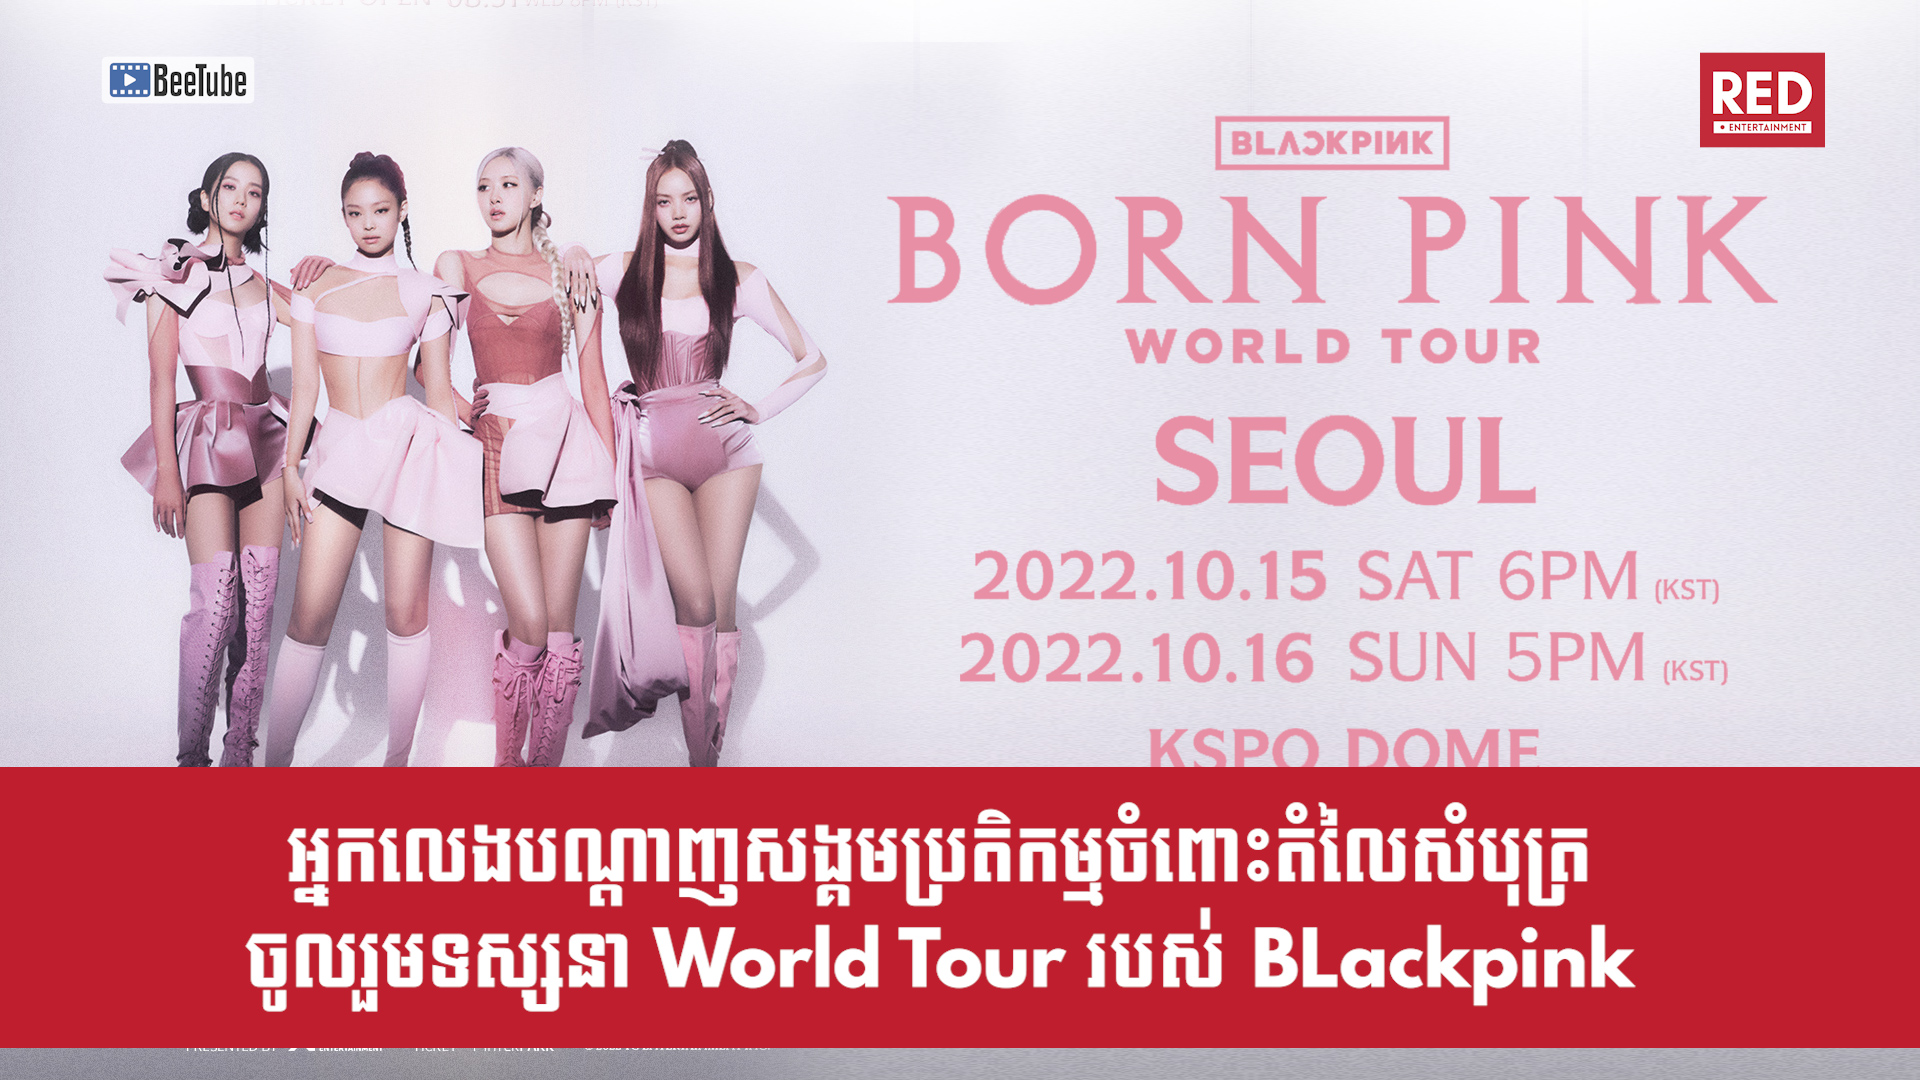 អ្នកលេងបណ្តាញសង្គមមានប្រតិកម្មចំពោះតំលៃសំបុត្រចូលរួមទស្សនា World Tour របស់ Blackpink 
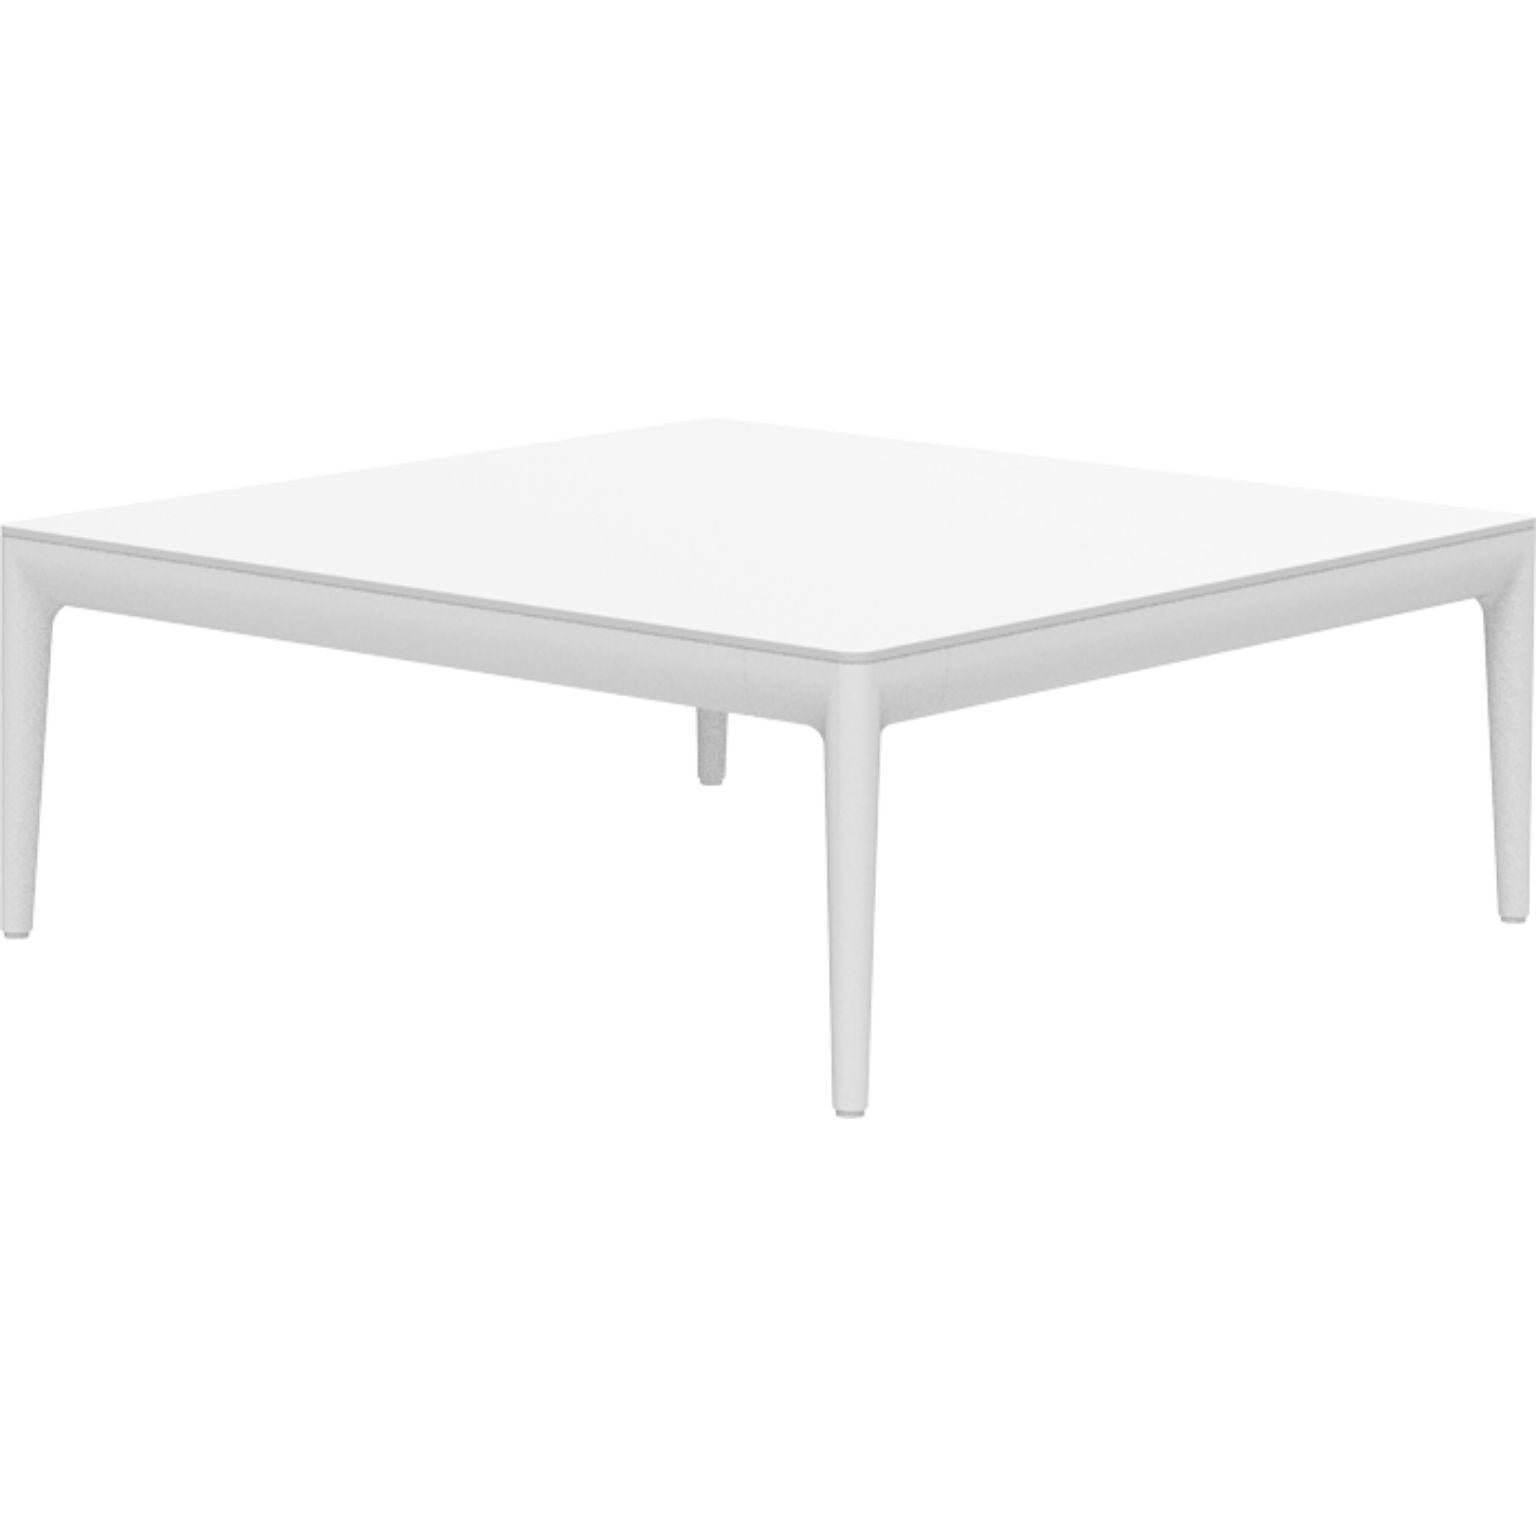 Table basse 76 blanche Ribbons par MOWEE
Dimensions : D76 x L76 x H29 cm
Matériau : Aluminium et plateau HPL.
Poids : 12 kg.
Également disponible en différentes couleurs et finitions. (HPL Black Edge ou Neolith top).

Une collection

:: The task ::
Reproduce the data above in full, exactly as it is, with the pictures left out.

:: Response ::
 អ្នកលេងបណ្តាញសង្គមមានប្រតិកម្មចំពោះតំលៃសំបុត្រចូលរួមទស្សនា World Tour របស់ Blackpink 
 Table basse 76 blanche Ribbons par MOWEE
Dimensions : D76 x L76 x H29 cm
Matériau : Aluminium et plateau HPL.
Poids : 12 kg.
Également disponible en différentes couleurs et finitions. (HPL Black Edge ou Neolith top).

Une collection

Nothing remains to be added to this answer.